In shadows cast by two tilted megaliths lay a shaven-headed boy, wrapped in his blue cloak but with his face showing. He seemed comatose. Moka deftly bent, barely breaking stride, and raised the boy’s eyelid.
“Malaria,” he told us.
Above our heads, in thorn bushes among the boulders, hung small nes
ts of blanket and wooden lath. Here the students slept. “It is a boarding school,” Moka couldn’t stop himself explaining, even though he knew Henry would mysteriously curse the news.
We found Lady Julia sitting on a stone bench just inside the door of our billet. She stood up when she saw us and showed no particular tiredness.
“I could tell he wouldn’t be here,” she said when we broke the news.
“How could you tell that?” I asked her.
“An instinct. I mean, you don’t go missing for fourteen years and then let yourself be found too easily.”
“But he doesn’t know Christine’s coming for him.”
“Maybe he’s got agents,” said Lady Julia, closing her eyes.
She was working in a notebook and had already checked what hour the patients would begin to attend clinic in the groves of Jani—4:30 that afternoon. Her mind was on that, and on her survey of the trauma which African tradition imposed on women.
Moka started to wheeze. “I know the exact village Masihi has gone to. It is high up and the air is dry. The Ethiopians burned it during the Silent Offensive, but it has been ours since then.”

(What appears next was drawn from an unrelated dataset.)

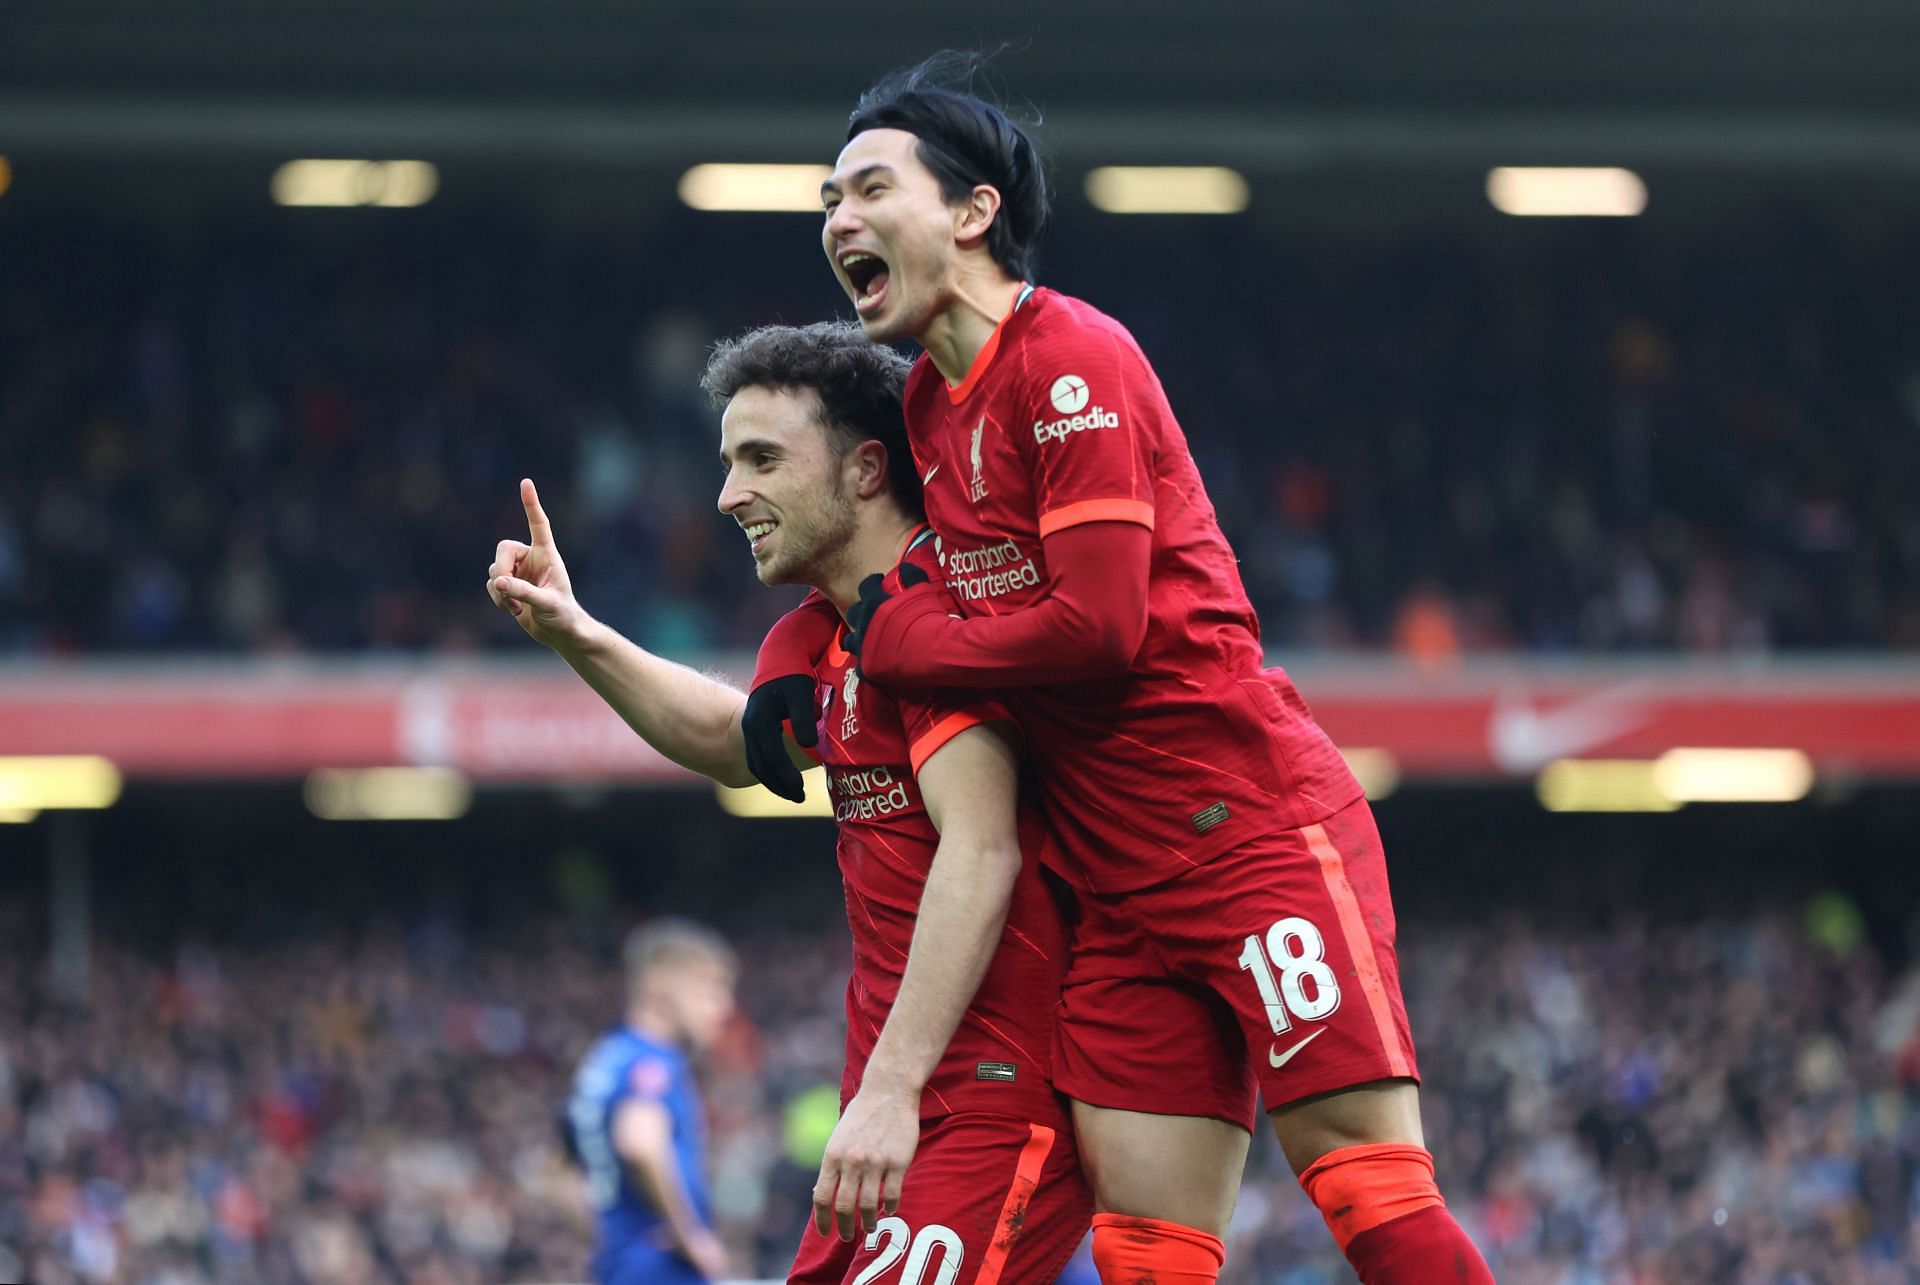 Liverpool Vs Cardiff City In This Piece We Take A Look At How The Liverpool Players Faired In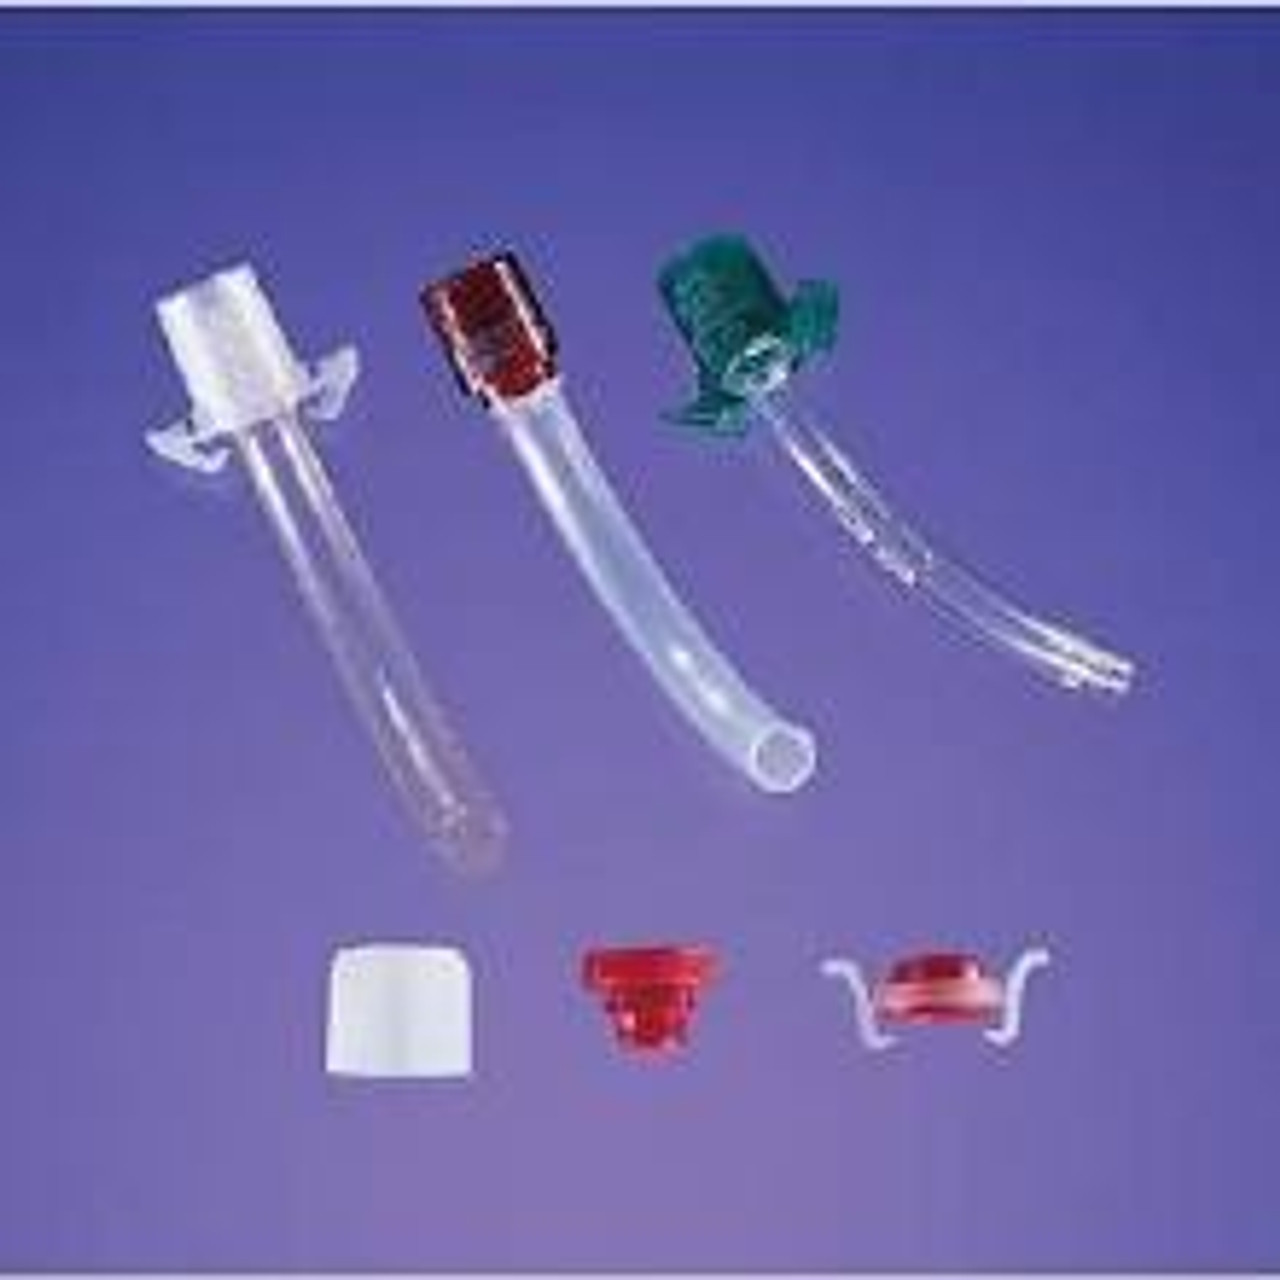 SHILEY FENSTRATED Disposable INNER CANNULA 4 BX/10 (MDT-4DICFEN)

Lady Julia asked, “Could we go there then after clinic hours? This heat is not very helpful to Christine.”
“Before dawn tomorrow,” said Moka. It seemed to be a message we were hearing all the time these days.
“Why not dusk today?” asked Henry, sinking onto his bench, lolling sideways without bothering to take his boots off.
“Before dawn,” Moka pleaded, wary of an outburst from Henry. “Otherwise you cannot see anything of Jani at night.”
Henry did not react. He may already have been asleep.
But I did not sleep. My back burned beneath me on the air mattress. The most beautiful African wasps, gold and black, full of subtle poison, carried on their trade between the bunker window and their nest high in the wall. I began to get near-hallucinations of the new child’s face, the one obviously Bernadette’s and just as obviously not mine. I had laid eyes on this baby just once, but that sighting came potently back to me now. She was my abandoned daughter, my Christine. Whose name I didn’t know.